Bland-Altman plots will be used to compare the two methods of analysis.
Relationships between demographic and clinical variables and ketone concentrations will be explored using regression analyses.
Power and Sample size :
Annually, approximately 600 babies of greater than or equal to 35 weeks gestation are admitted to the Waikato Newborn Intensive Care Unit. Of these, at least 450 babies (75%) will require a blood test. We plan to have the blood test for the study taken at the same time as routine blood samples are taken.
Our major aim is to test the reliability of the point-of-care analyser with the gold standard laboratory analyser. Normal blood ketone concentrations are reported to vary over the newborn period, ranging from approximately 0.01 - 0.43 mmol/L (SD approximately 0.1mmol/L) increasing on days 2 to 3 and then decreasing. In a deprived population of term babies (n= 578) in Nepal, blood concentrations of beta hydroxybutyrate in the first 48 hours after birth were reported to be 0.00 -1.34 mmol/L, with a geometric mean (SD) of 0.11 (.004) mmol/L.

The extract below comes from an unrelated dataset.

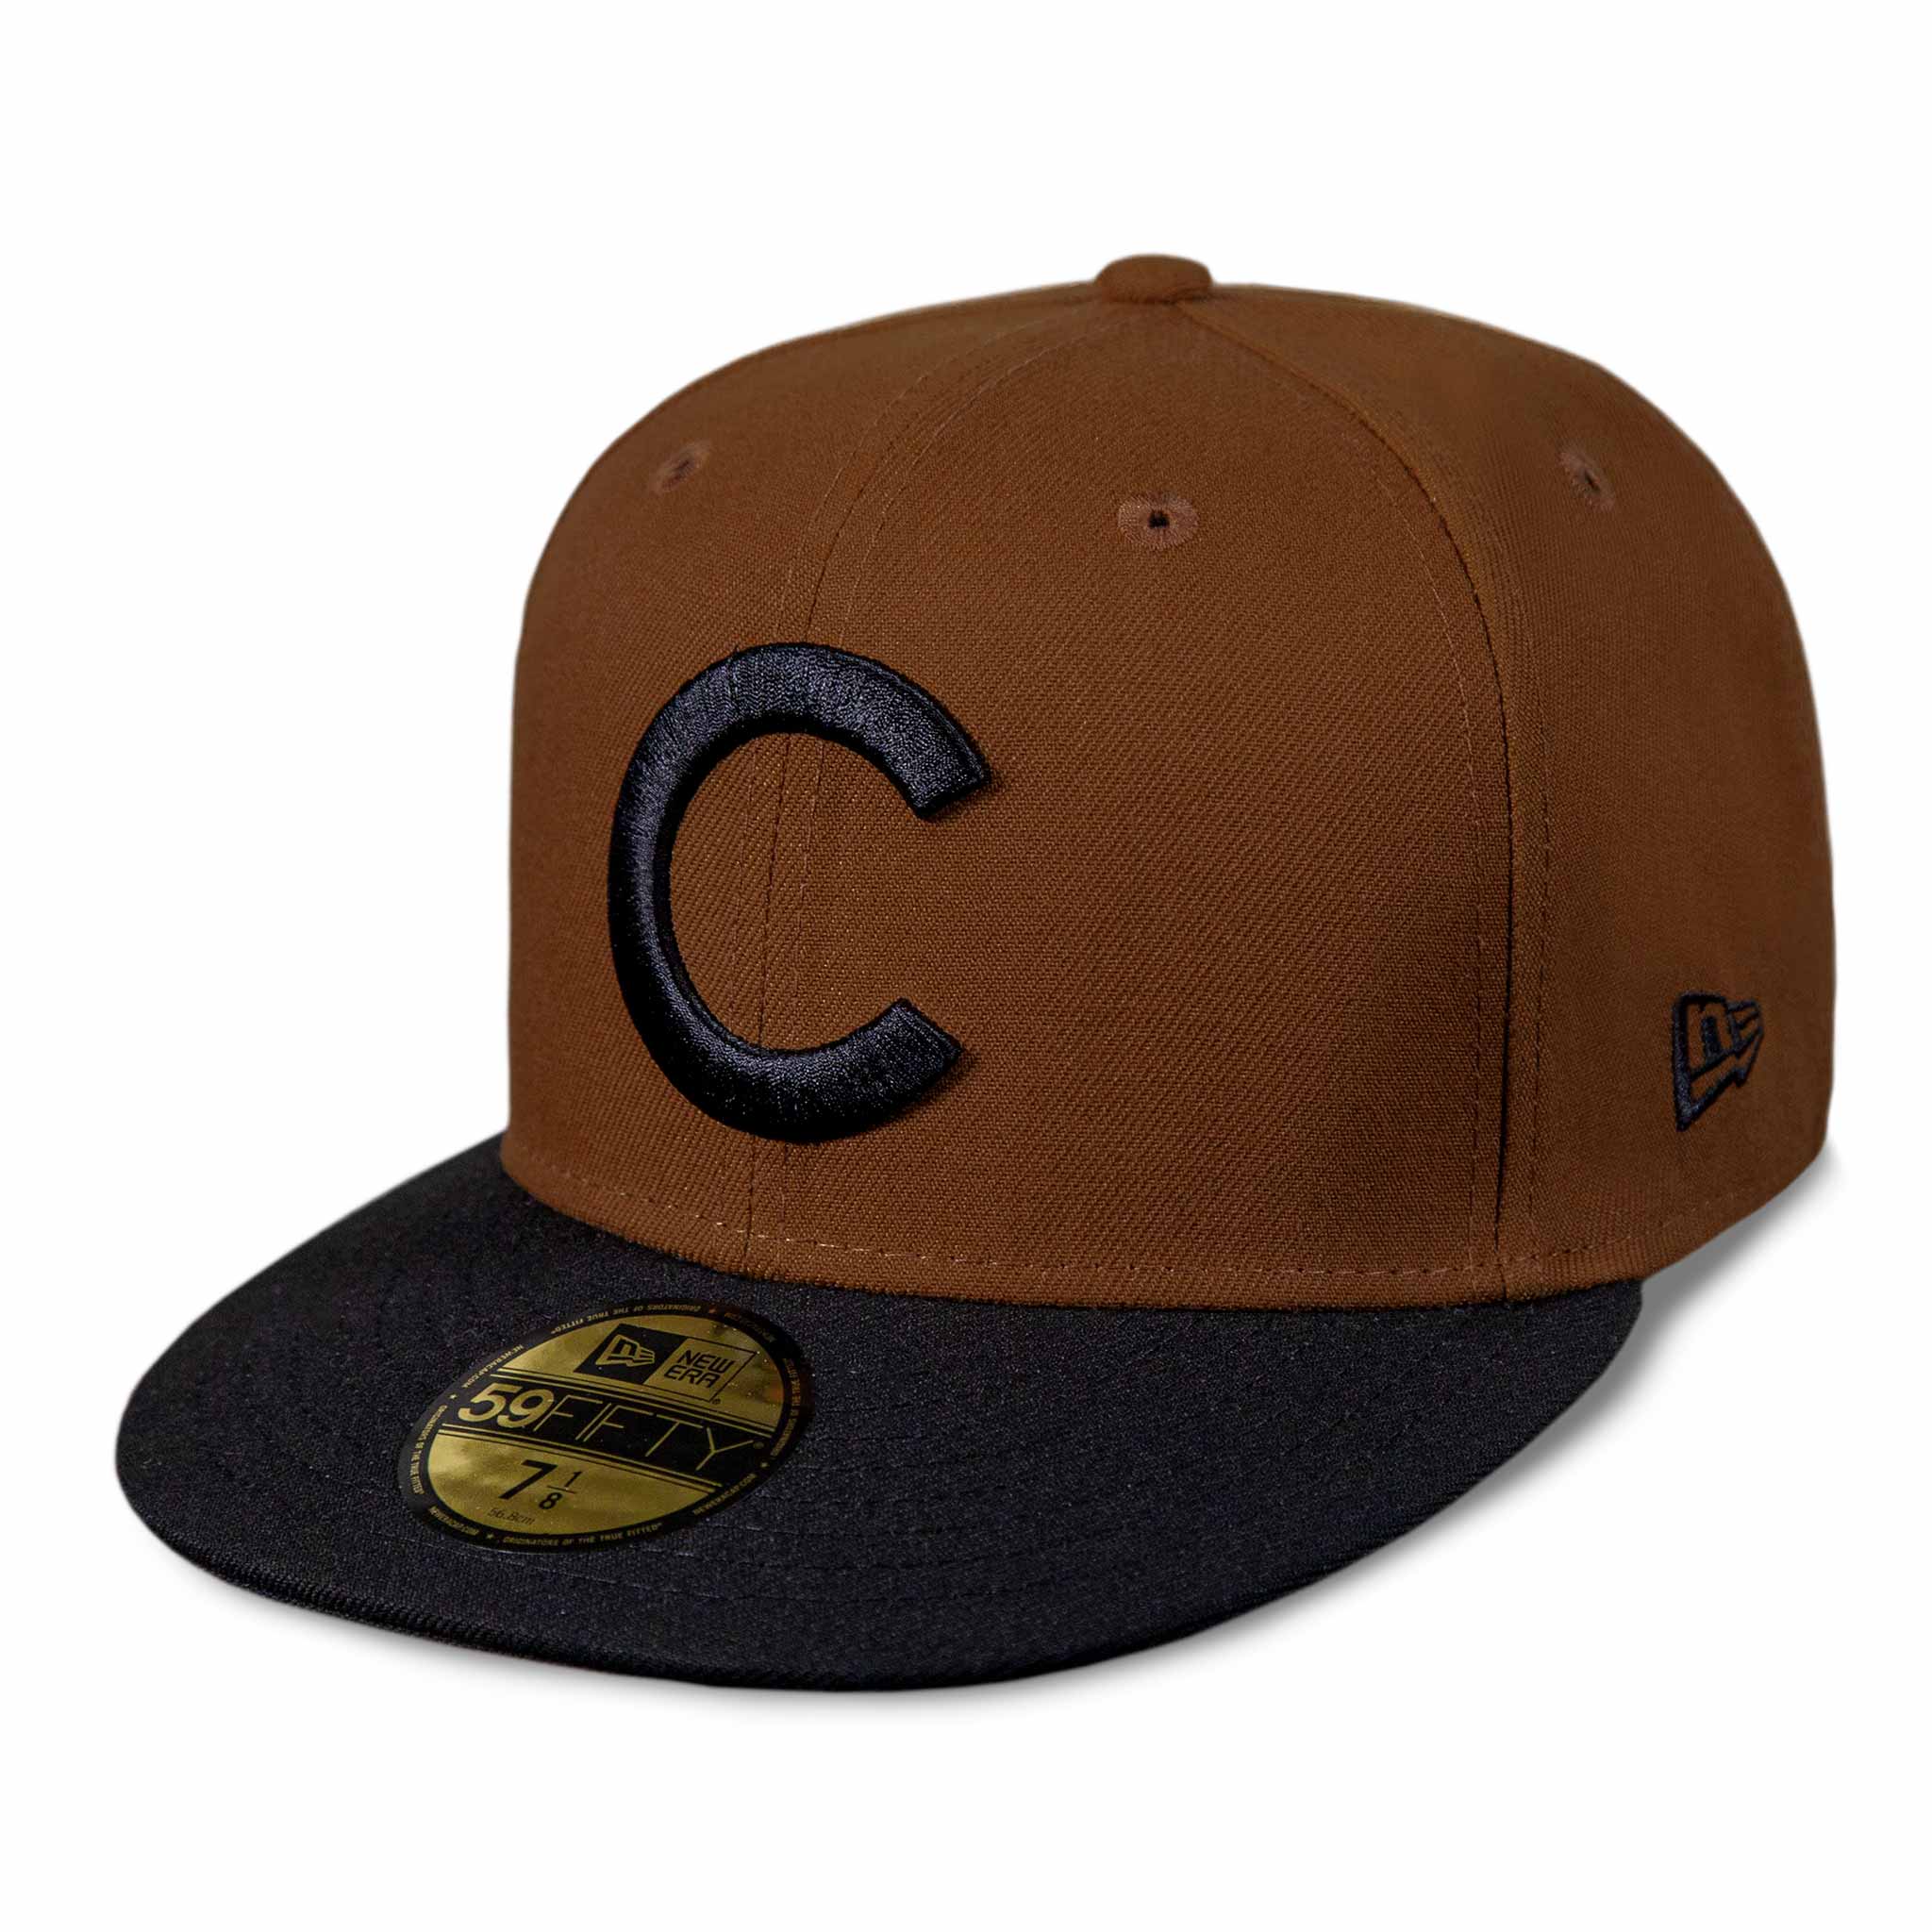 Chicago Cubs 1969 Two Tone Wrigley Field 59FIFTY Fitted Cap 7 3/8 = 23 1/8 in = 58.7 cm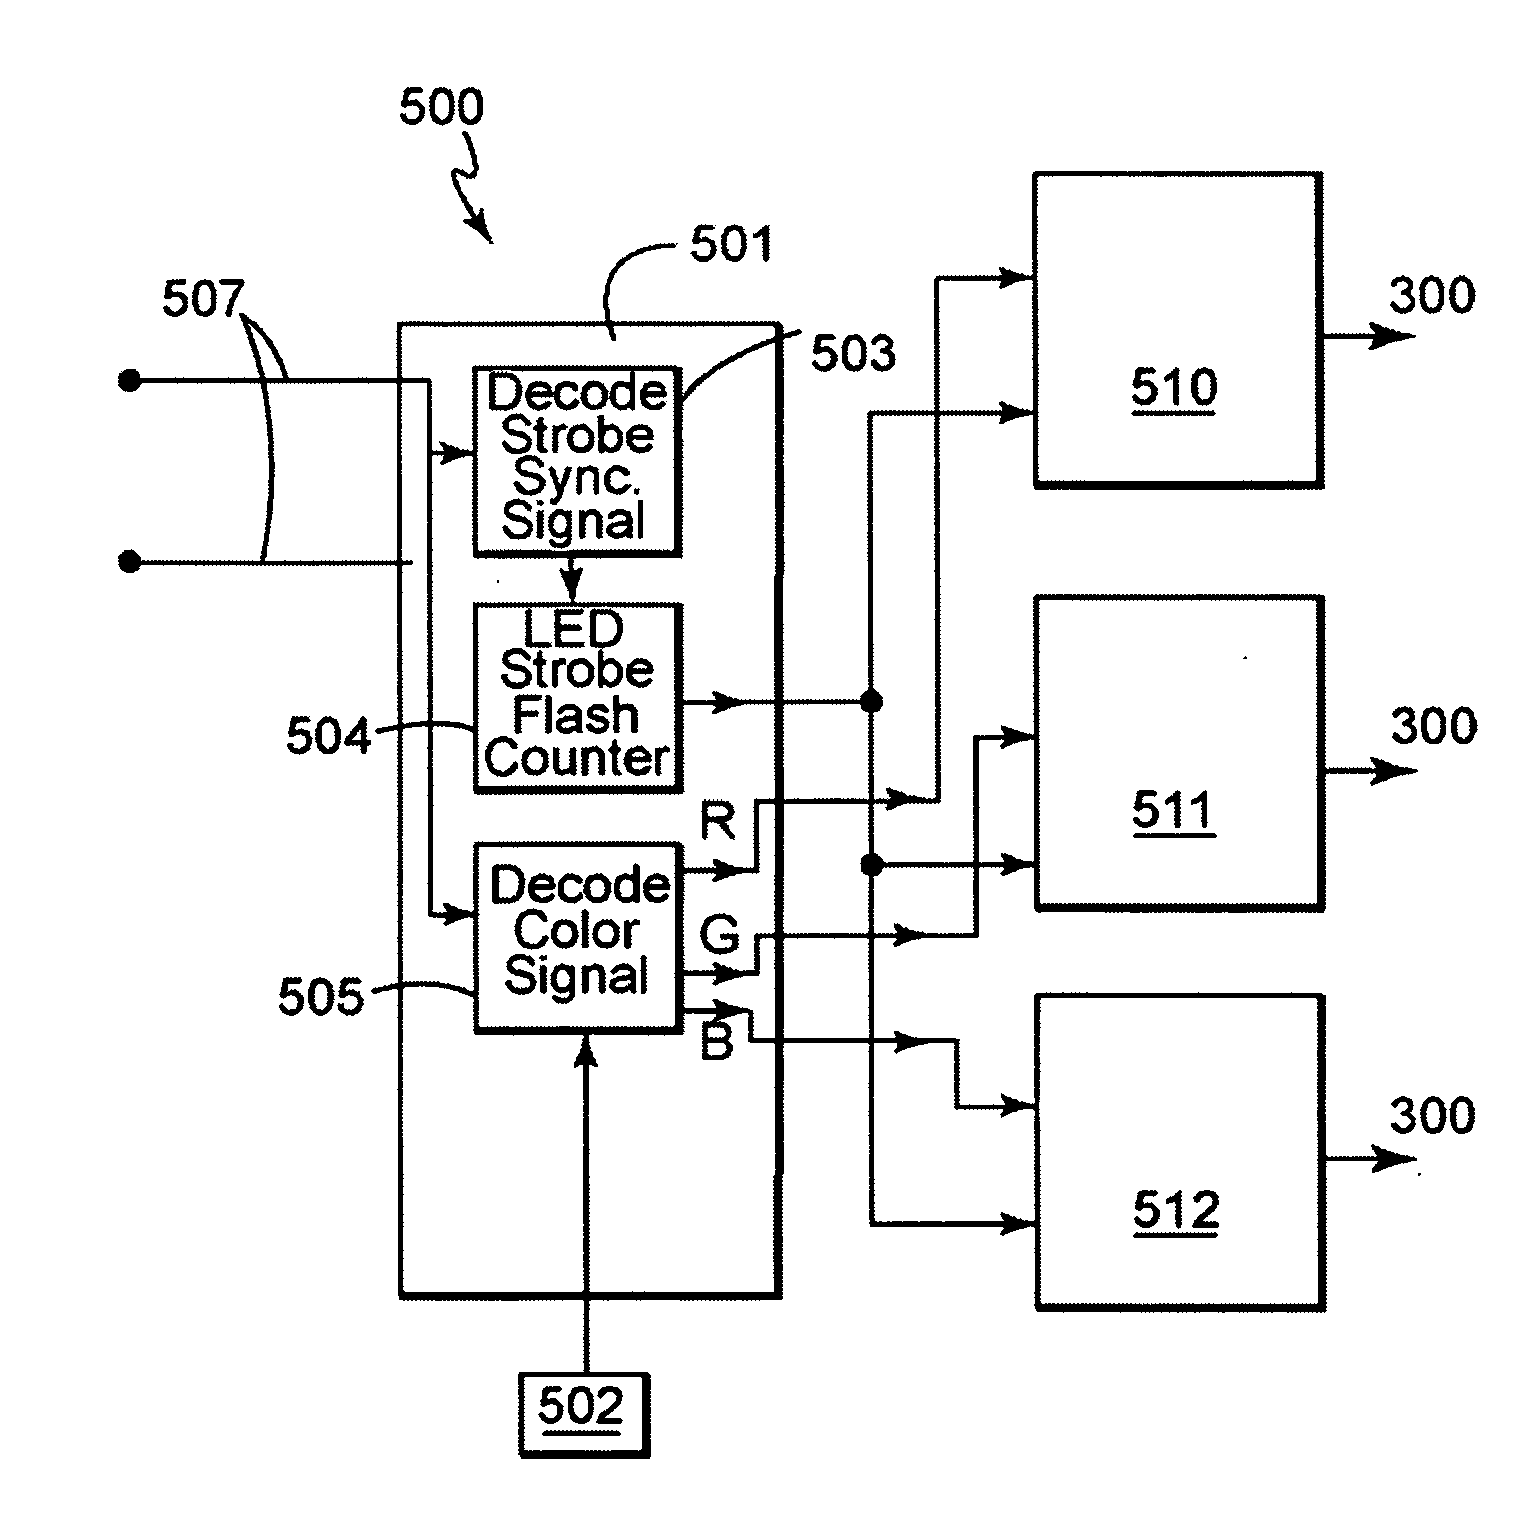 System and methods for providing mass notification using existing fire system

Brain ketone uptake is proportional to circulating concentrations. It has been estimated that beta-hydroxybutyrate might contribute 12-13% of cerebral energy requirements at mean arterial concentrations of 0.16 - 0.28 mmol/L6. Thus measurement of ketone concentrations to accuracy of < 0.05 mmol/L is likely to be clinically meaningful.
In order to have a 95% level of confidence to detect the mean blood ketone concentration to a precision of agreement equivalent to a SD 0.2420, we would need to recruit 200 babies.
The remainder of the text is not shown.